This Week in New York Insider's Guide to Arts & Culture in New York City Since 2001

5Feb/15

INTO THE WOODS

(photo by Joan Marcus)

Fiasco Theater strips INTO THE WOODS down to its bare bones in delightful revival (photo by Joan Marcus)

Laura Pels Theatre
Harold and Miriam Steinberg Center for Theatre
111 West 46th St. between Sixth & Seventh Aves.
Tuesday - Sunday through April 12, $109
212-719-1300
www.roundabouttheatre.org
www.fiascotheater.com

The Fiasco Theater shows that there is no such thing as too much Into the Woods in its utterly delightful, stripped-down version running at the Roundabout’s Laura Pels Theatre through April 12. In the summer of 2012, the Public Theater presented an all-star production (Amy Adams, Denis O’Hare, Donna Murphy, Jessie Mueller) as part of its Shakespeare in the Park season (redubbed Sondheim in the Park for the occasion), and Rob Marshall’s film, with a superstar cast (Meryl Streep, Johnny Depp, Emily Blunt, Chris Pine, et al.), is in theaters now and up for three Oscars. But the Manhattan-based Fiasco company, which was founded by a group of Brown graduates who “believe that it is only when artists are brave enough to risk a fiasco that the possibility exists of creating something special,” have indeed created something special, shining a new light on Stephen Sondheim and James Lapine’s fairy-tale mash-up, which earned ten Tony nominations back in 1988. There are no trees in this new version; instead, Derek McLane’s set consists of piano insides arranged along the sides and top of the stage, with thick, knotted crossed ropes in the back. Chandeliers hang over the actors and the audience as well. There is no orchestra; at the center of the stage, Matt Castle plays a movable piano, and through the course of the evening, other cast members add occasional guitar, French horn, trumpet, calliope, xylophone, bassoon, drums, miniature harp, cowbell, and triangle. All ten cast members are onstage through the whole show, several playing multiple roles; when they are not in the scene, they sit in the background, often looking as gleeful as the audience, taking joy in what is unfolding in front of them.

(photo by Joan Marcus)

The Witch (Jennifer Mudge) uses help to scream at Rapunzel (Emily Young) in wonderful adaptation of Sondheim/Lapine favorite (photo by Joan Marcus)

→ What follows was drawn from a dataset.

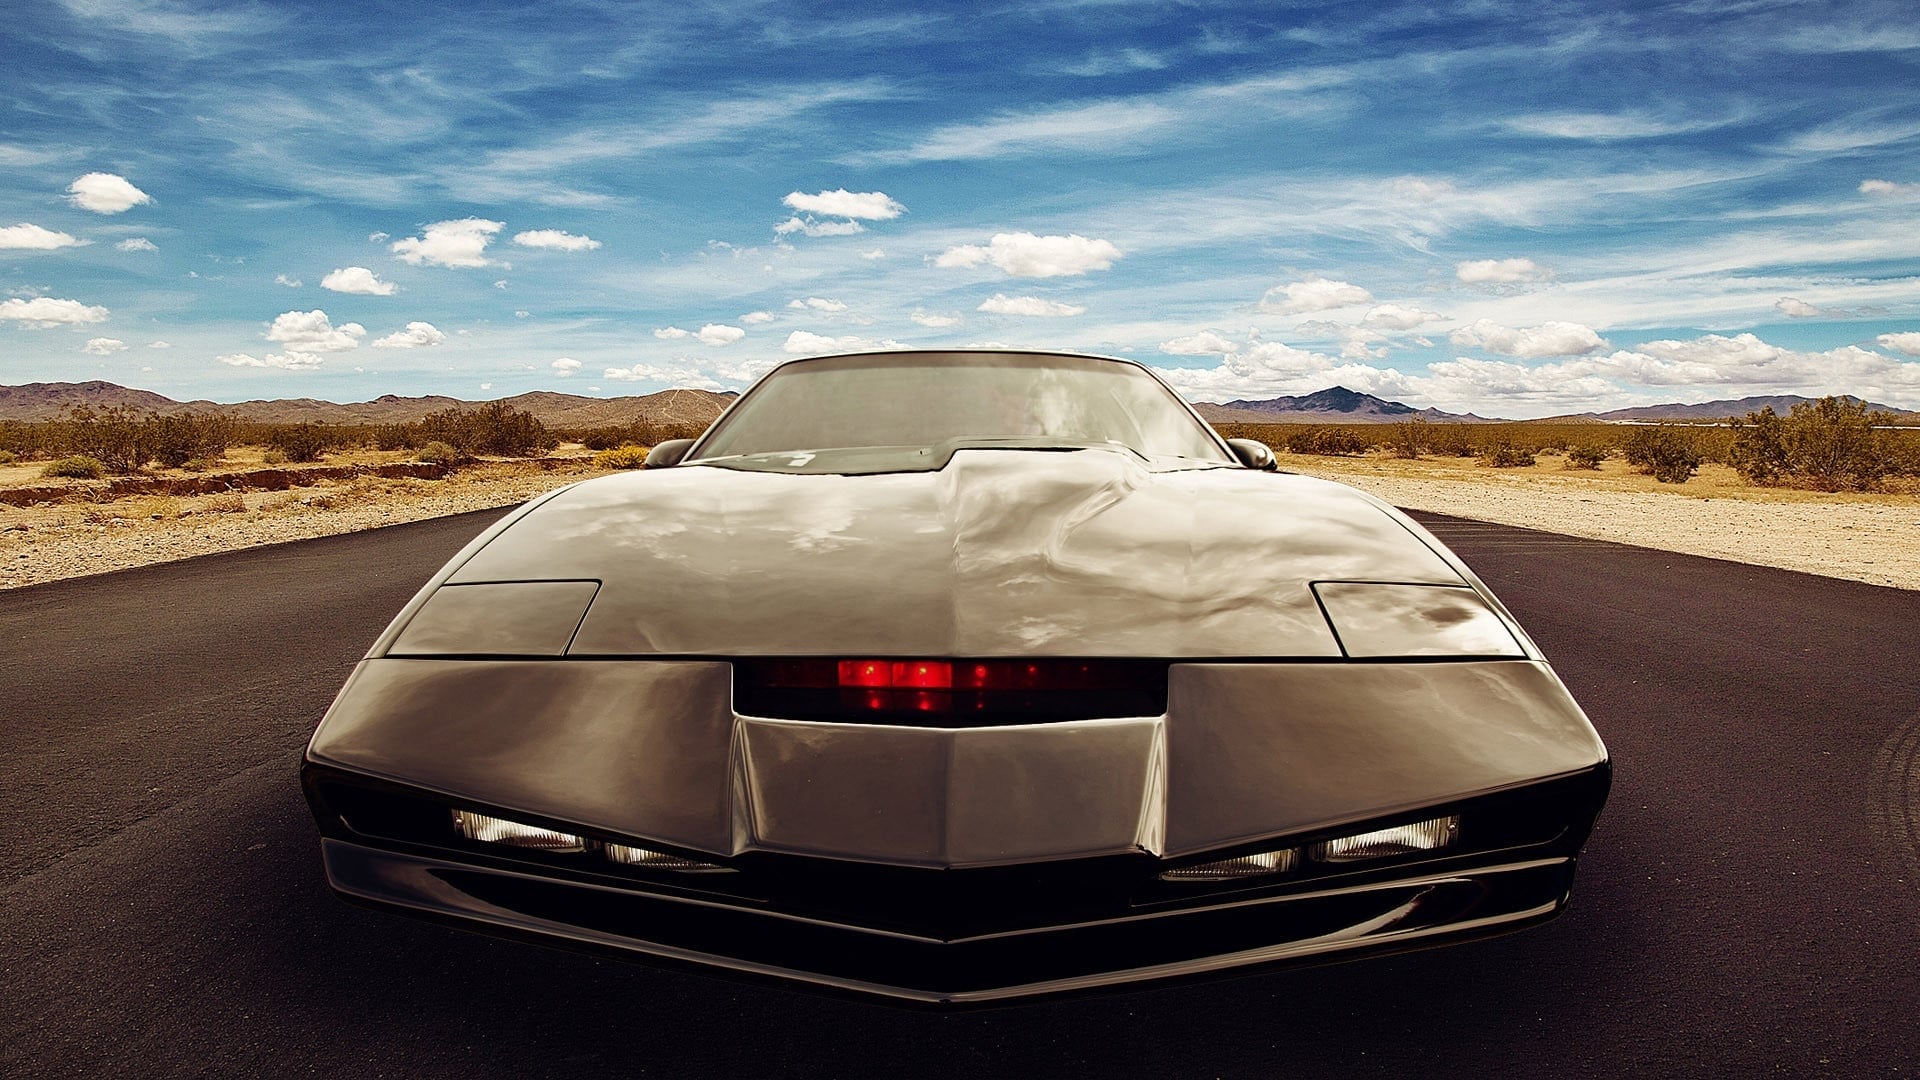 Knight Rider Sports Car TV Series Car K I T T 1980s Road Front Angle View 1920x1080

The once-upon-a-time story is about a baker (Ben Steinfeld) and his wife (Jessie Austrian) who learn that they are childless because of a curse placed on his family by a vengeful witch (Jennifer Mudge). To end the curse and have a baby, they must head into the woods and come back with a cow as white as milk, a cape as red as blood, hair as yellow as corn, and a slipper as pure as gold. So off they go, encountering clueless Jack (Patrick Mulryan), who has been sent to market by his mother (Liz Hayes) to sell his beloved bovine (Andy Grotelueschen); Little Red Ridinghood (Emily Young), who is bringing a basket of goodies to her grandmother’s (Claire Karpen) house; Cinderella (Karpen), who wants to go to the prince’s (Noah Brody) festival but is slaving for her wicked stepmother (Hayes) and vicious stepsisters, Lucinda (Brody) and Florinda (Grotelueschen); Rapunzel (Young), who has been imprisoned in a tower by the witch; and a mysterious man (Paul L. Coffey) who knows more than he is letting on. While the first act ends happily, things don’t go nearly so well in the second act, as a giant invades the kingdom, leaving a path of death and destruction in its wake.

The revival, directed by Brody and Steinfeld, has a ball simplifying the diverse elements, using inventive, low-budget stagecraft to maximum effect. Brody and Grotelueschen, as Cinderella’s stepsisters, hold a curtain rod in front of them to show off their “dresses” for the festival, and as a pair of princes they gallop with little horse heads on sticks (which they hand to audience members when they come to a stop). At one point the baker’s wife sits down on the floor in the aisle and peruses a Playbill. And Rapunzel’s castle is actually a ladder that is moved about the stage — and which nearly every actor walks under, tempting fate. There are plenty of sly nods to the audience, knowing glances, and, primarily, big smiles throughout. Oh, and there’s Sondheim’s simply divine songs as well, from “Hello, Little Girl,” “Maybe They’re Magic,” and “Agony” to “Witch’s Lament,” “Any Moment,” and “Last Midnight,” all delivered with an intoxicating glee, with scrumptiously playful orchestrations by Castle and Frank Galgano. But Fiasco, which has previously tackled Twelfth Night, Measure for Measure, and Cymbeline and will be bringing The Two Gentleman of Verona in Washington, DC, this spring, never lose sight of the show’s central theme — that happily ever after comes with a heavy price. But there’s no need to get too serious, as this is one endlessly fun trip back into the woods.